For each point ${(X_i, Y_i)}$, we would like to minimise the distance to the curve $f(x; \boldsymbol{\beta})$, i.e.
\[ \text{argmin}_{\epsilon_i, \delta_i} \left\{\epsilon_i^2 + \delta_i^2\right\} \quad \text{subject to} \quad Y_i = f(X_i + \delta_i; \boldsymbol{\beta}) - \epsilon_i. \]
It is assumed that $\epsilon_i \sim \mathcal{N}(0, \sigma_{\epsilon_i^2})$ and $\delta_i \sim \mathcal{N}(0, \sigma_{\delta_i^2})$ (zero mean), from which it follows that, overall, we should minimise the sum of the squares:
\[ \text{argmin}_{\boldsymbol{\beta}, \boldsymbol{\delta}, \boldsymbol{\epsilon}} \sum_{i=0}^{n-1}{\epsilon_i^2 + \delta_i^2} \quad \text{subject to}\quad Y_i = f(X_i + \delta_i; \boldsymbol{\beta}) - \epsilon_i \]
which can be rewritten without $\boldsymbol{\epsilon}$ as
\[ \text{argmin}_{\boldsymbol{\beta}, \boldsymbol{\delta}} \sum_{i=0}^{n-1} [f(X_i + \delta_i; \boldsymbol{\beta}) - Y_i] + \delta_i^2. \]
By associating weights with the above equation, the weighted Orthogonal Distance Regression problem is defined as
\[ \text{argmin}_{\boldsymbol{\beta}, \boldsymbol{\delta}} \sum_{i=0}^{n-1} w_i^2 [f(X_i + \delta_i; \boldsymbol{\beta}) - Y_i] + d_i^2 \delta_i^2, \]
where common choices for $w_i$ and $d_i$ are
\[ w_i = \frac{1}{\sigma_{\epsilon_i}} \ \text{and}\ d_i = \frac{\sigma_{\epsilon_i}}{\sigma_{\delta_i}} \]
which reduces the minimisation problem to
\[ \text{argmin}_{\boldsymbol{\beta}, \boldsymbol{\delta}} \sum_{i=0}^{n-1} \frac{1}{\sigma_{\epsilon_i}} \left\{ f(X_i + \delta_i; \boldsymbol{\beta}) - Y_i + \frac{1}{\sigma_{\delta_i^2}} \delta_i^2 \right\}. \]
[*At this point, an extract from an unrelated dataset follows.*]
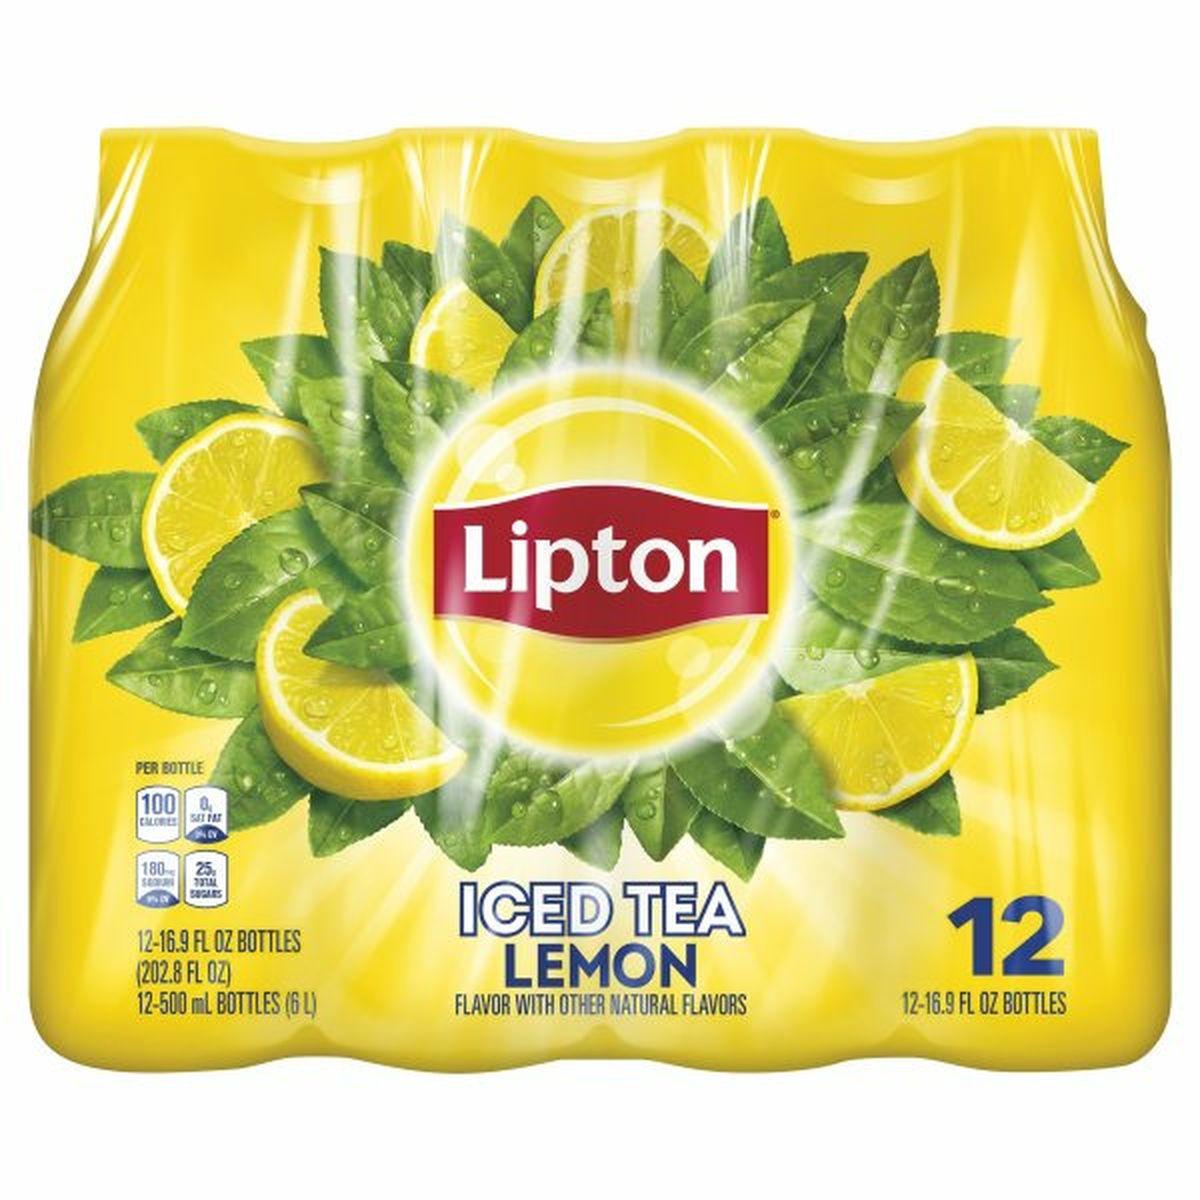 Calories in Lipton Iced Tea, Lemon

The article claims that the algorithm performs better than OLS even when the ratios $d_i$ are only known to a factor of 10. The algorithms utilises a Levenberg-Marquardt like step with trust-region. The implementation makes use of special structures in different matrices to yield a solution in $O(np^2)$ time.